The answer must be an exact printing of every record below, with the pictures omitted.

------------

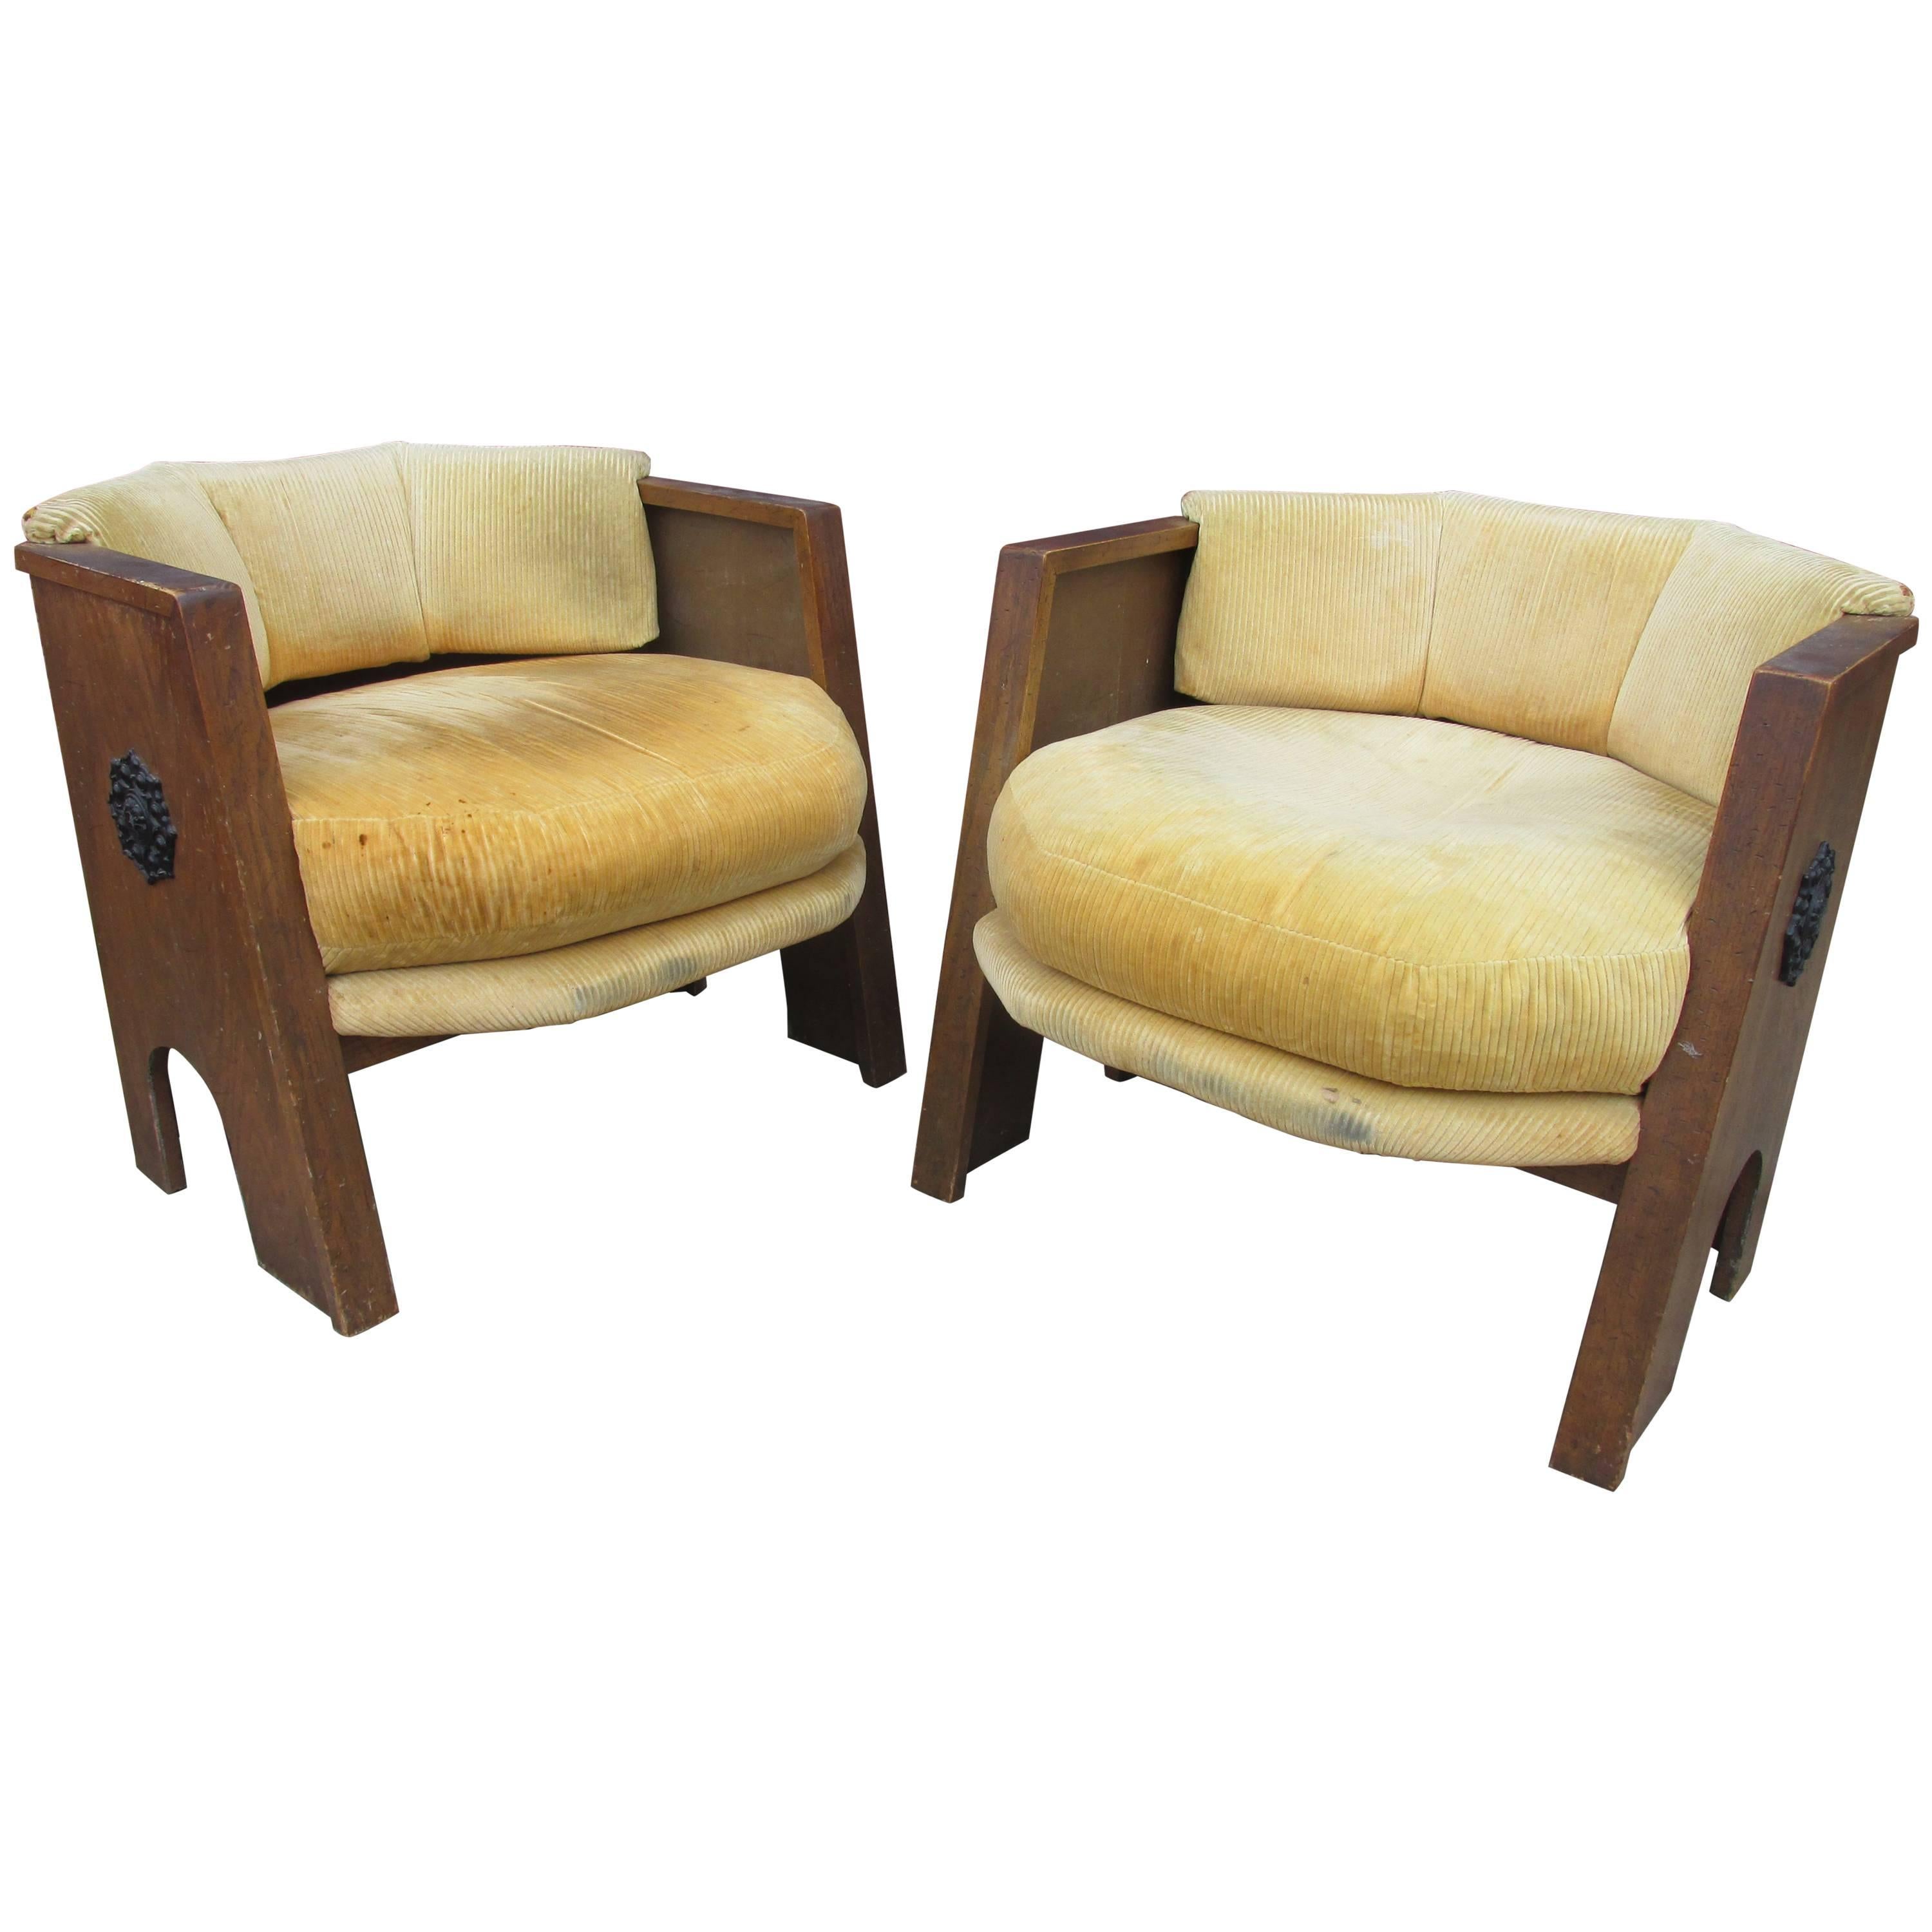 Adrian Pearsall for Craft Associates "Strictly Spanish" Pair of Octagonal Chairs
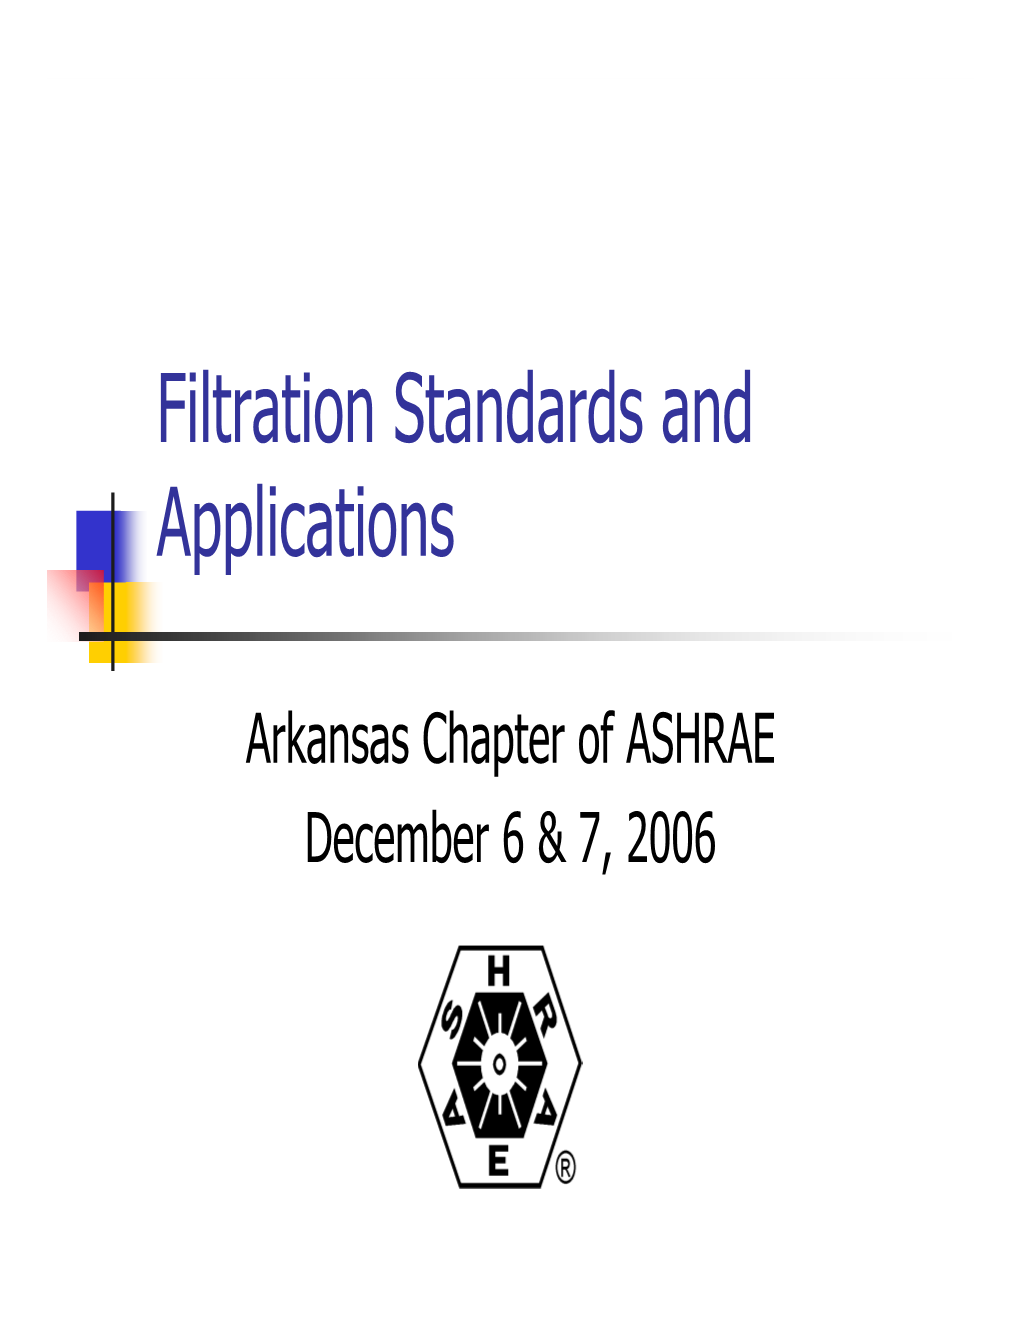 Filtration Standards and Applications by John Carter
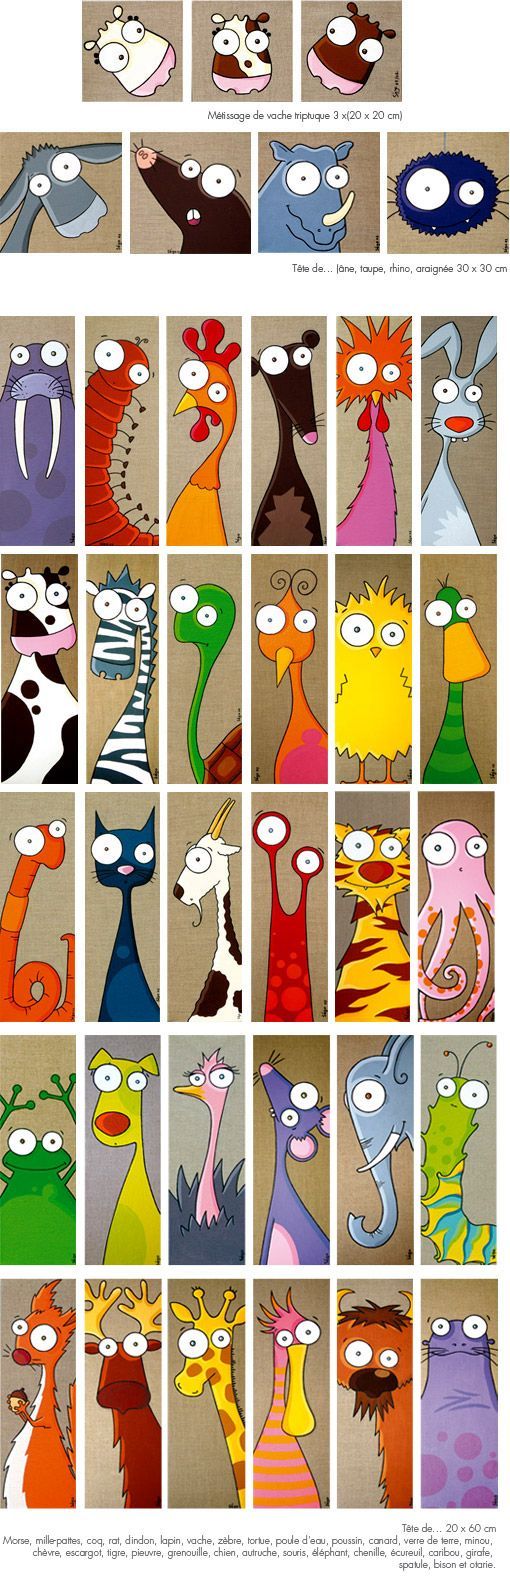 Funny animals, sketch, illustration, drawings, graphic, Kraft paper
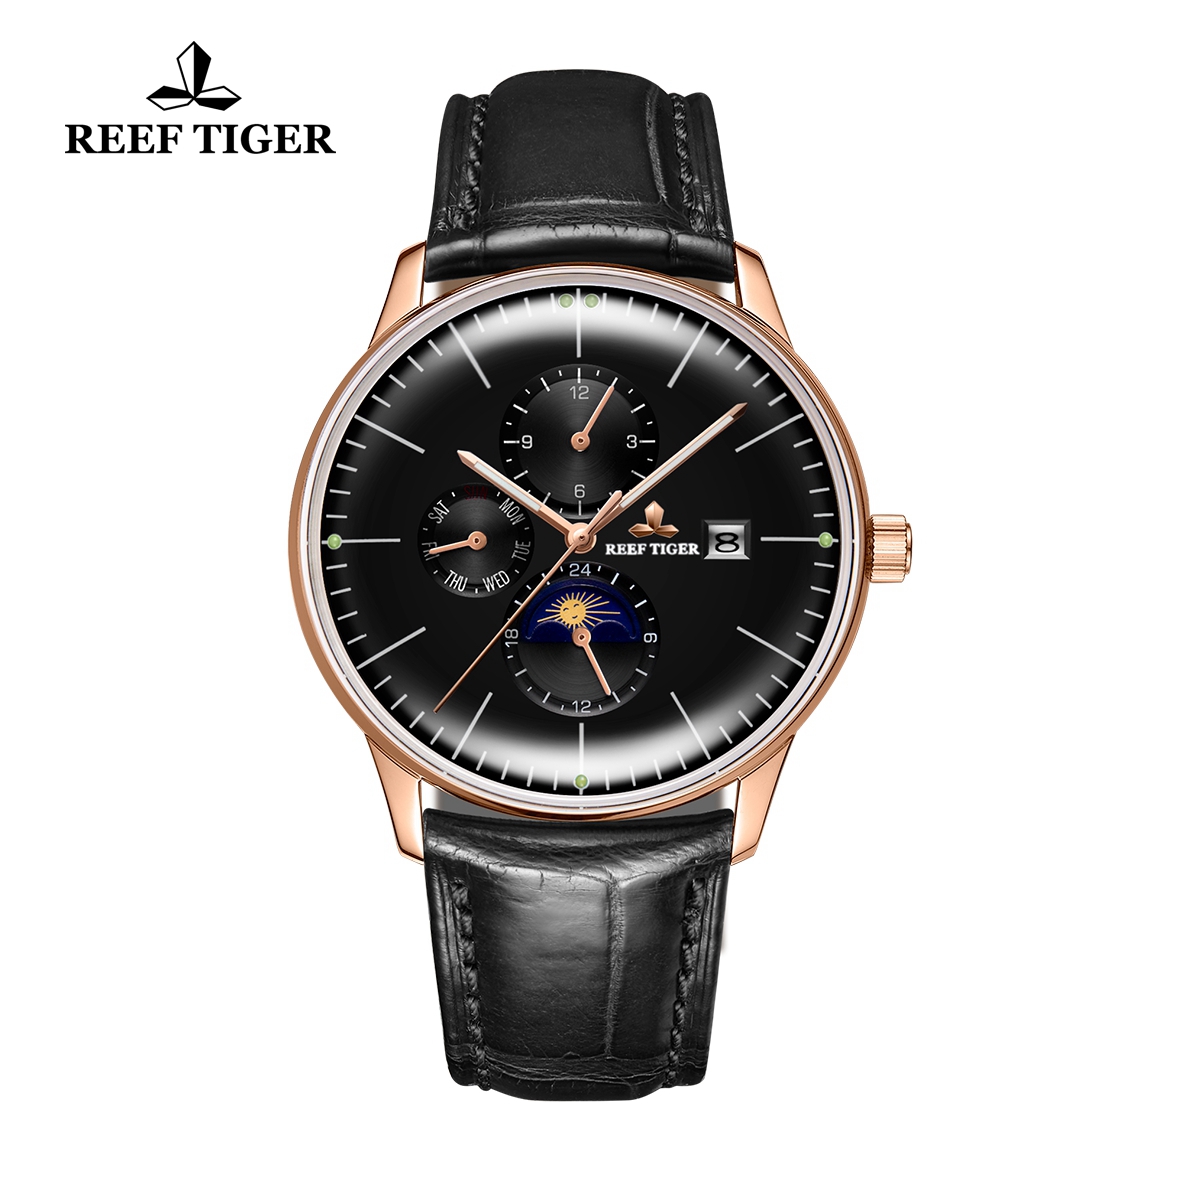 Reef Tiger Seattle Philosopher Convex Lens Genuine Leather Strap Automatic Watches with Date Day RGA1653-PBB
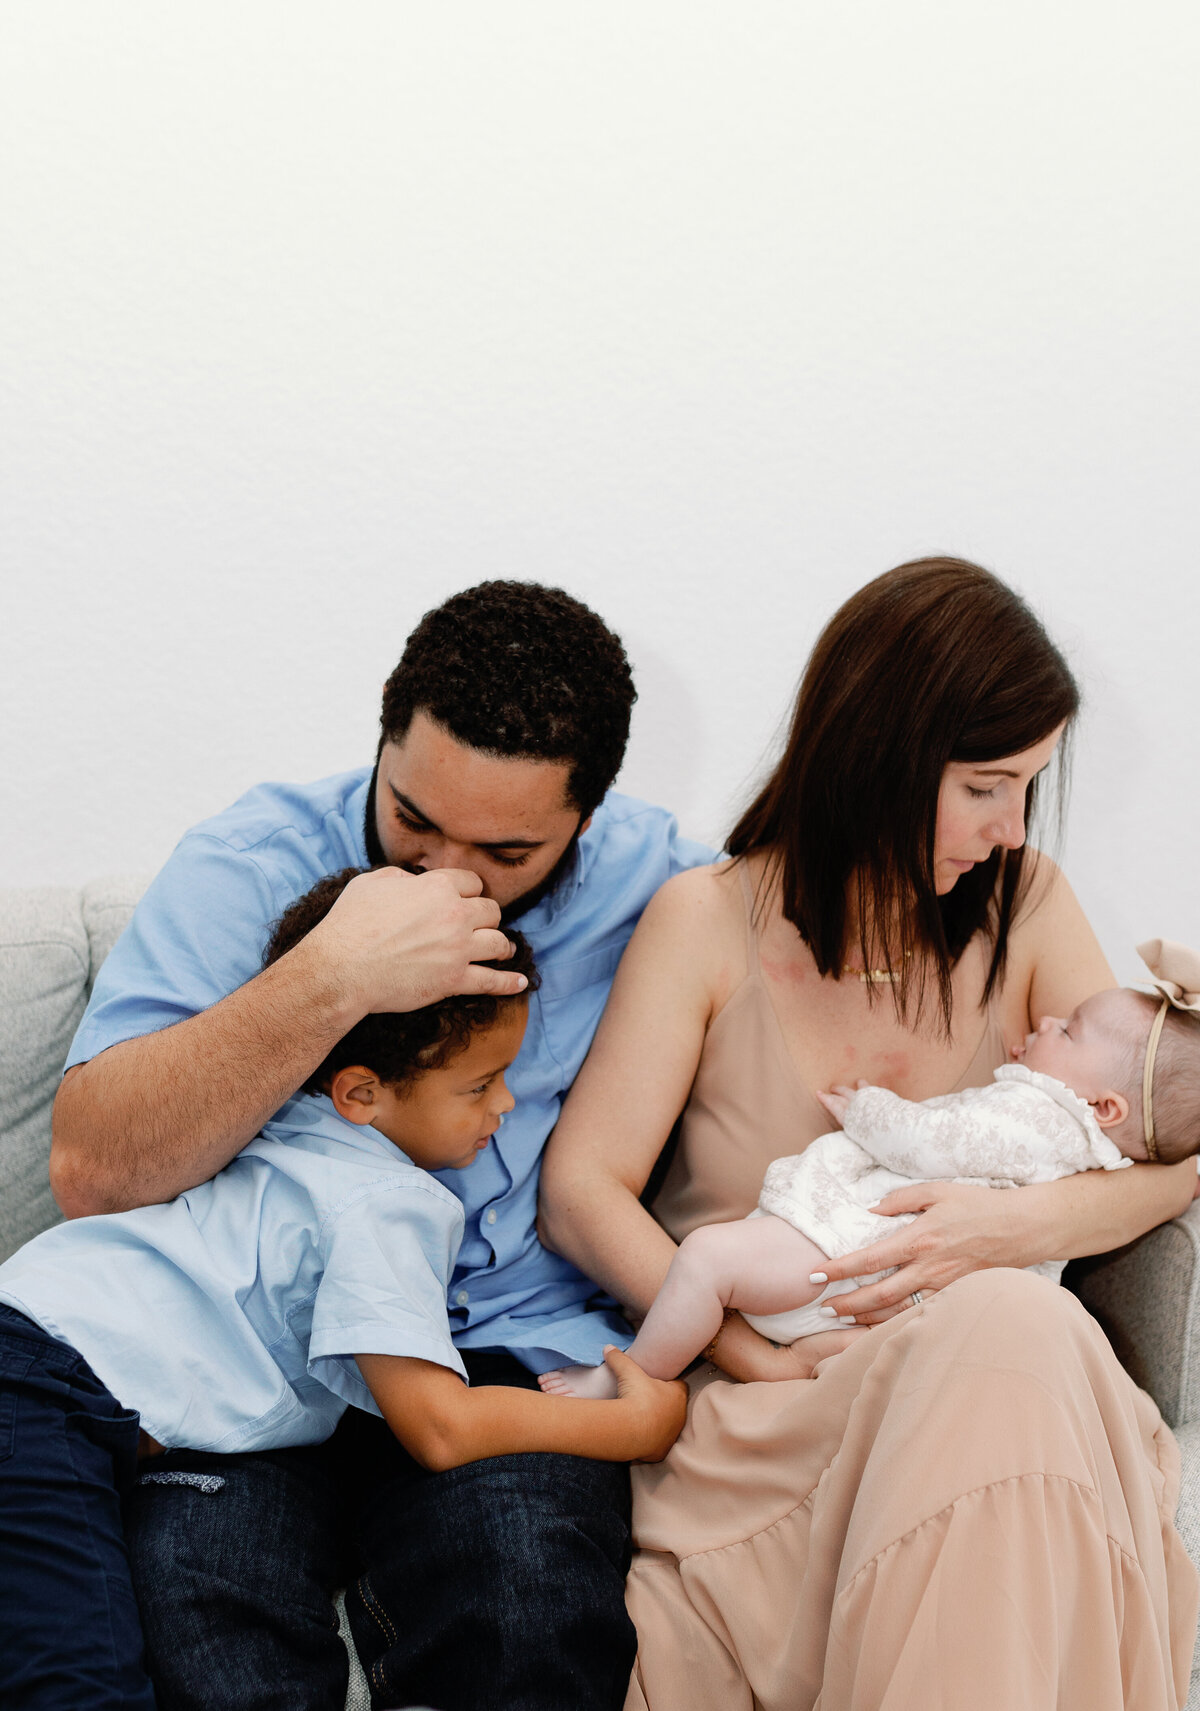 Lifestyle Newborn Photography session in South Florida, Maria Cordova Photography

------------

Exercise result:
 Adrian Pearsall for Craft Associates "Strictly Spanish" Pair of Octagonal Chairs
 Filtration Standards and Applications by John Carter
 Funny animals, sketch, illustration, drawings, graphic, Kraft paper
 Reef Tiger Seattle Philosopher Convex Lens Genuine Leather Strap Automatic Watches with Date Day RGA1653-PBB
 Lifestyle Newborn Photography session in South Florida, Maria Cordova Photography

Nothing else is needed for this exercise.